(Records drawn from a dataset)

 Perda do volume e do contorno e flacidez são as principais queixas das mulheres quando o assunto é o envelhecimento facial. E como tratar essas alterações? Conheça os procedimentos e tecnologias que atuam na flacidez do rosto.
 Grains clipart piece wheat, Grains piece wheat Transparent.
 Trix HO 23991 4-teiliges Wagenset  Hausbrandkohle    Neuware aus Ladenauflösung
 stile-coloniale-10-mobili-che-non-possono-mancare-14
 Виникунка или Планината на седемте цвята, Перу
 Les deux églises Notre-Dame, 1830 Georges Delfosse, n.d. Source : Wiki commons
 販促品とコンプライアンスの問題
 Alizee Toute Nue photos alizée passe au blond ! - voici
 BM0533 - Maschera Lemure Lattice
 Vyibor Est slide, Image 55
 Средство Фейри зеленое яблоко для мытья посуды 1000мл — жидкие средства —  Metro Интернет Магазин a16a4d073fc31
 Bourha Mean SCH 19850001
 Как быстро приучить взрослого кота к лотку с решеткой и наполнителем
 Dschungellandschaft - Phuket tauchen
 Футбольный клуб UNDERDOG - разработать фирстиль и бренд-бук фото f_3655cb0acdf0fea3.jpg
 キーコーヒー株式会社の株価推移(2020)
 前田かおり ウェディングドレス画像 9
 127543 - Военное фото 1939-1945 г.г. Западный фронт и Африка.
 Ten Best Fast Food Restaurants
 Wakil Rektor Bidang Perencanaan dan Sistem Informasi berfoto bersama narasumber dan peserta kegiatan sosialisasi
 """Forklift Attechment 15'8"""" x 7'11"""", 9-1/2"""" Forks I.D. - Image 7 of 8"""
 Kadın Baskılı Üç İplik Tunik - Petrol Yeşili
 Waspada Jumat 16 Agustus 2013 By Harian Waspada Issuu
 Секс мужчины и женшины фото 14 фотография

> _Exercise aim_
Every entry is to be restated word for word.

> _Reply to the task_
 Perda do volume e do contorno e flacidez são as principais queixas das mulheres quando o assunto é o envelhecimento facial. E como tratar essas alterações? Conheça os procedimentos e tecnologias que atuam na flacidez do rosto.
 Grains clipart piece wheat, Grains piece wheat Transparent.
 Trix HO 23991 4-teiliges Wagenset  Hausbrandkohle    Neuware aus Ladenauflösung
 stile-coloniale-10-mobili-che-non-possono-mancare-14
 Виникунка или Планината на седемте цвята, Перу
 Les deux églises Notre-Dame, 1830 Georges Delfosse, n.d. Source : Wiki commons
 販促品とコンプライアンスの問題
 Alizee Toute Nue photos alizée passe au blond ! - voici
 BM0533 - Maschera Lemure Lattice
 Vyibor Est slide, Image 55
 Средство Фейри зеленое яблоко для мытья посуды 1000мл — жидкие средства —  Metro Интернет Магазин a16a4d073fc31
 Bourha Mean SCH 19850001
 Как быстро приучить взрослого кота к лотку с решеткой и наполнителем
 Dschungellandschaft - Phuket tauchen
 Футбольный клуб UNDERDOG - разработать фирстиль и бренд-бук фото f_3655cb0acdf0fea3.jpg
 キーコーヒー株式会社の株価推移(2020)
 前田かおり ウェディングドレス画像 9
 127543 - Военное фото 1939-1945 г.г. Западный фронт и Африка.
 Ten Best Fast Food Restaurants
 Wakil Rektor Bidang Perencanaan dan Sistem Informasi berfoto bersama narasumber dan peserta kegiatan sosialisasi
 """Forklift Attechment 15'8"""" x 7'11"""", 9-1/2"""" Forks I.D. - Image 7 of 8"""
 Kadın Baskılı Üç İplik Tunik - Petrol Yeşili
 Waspada Jumat 16 Agustus 2013 By Harian Waspada Issuu
 Секс мужчины и женшины фото 14 фотография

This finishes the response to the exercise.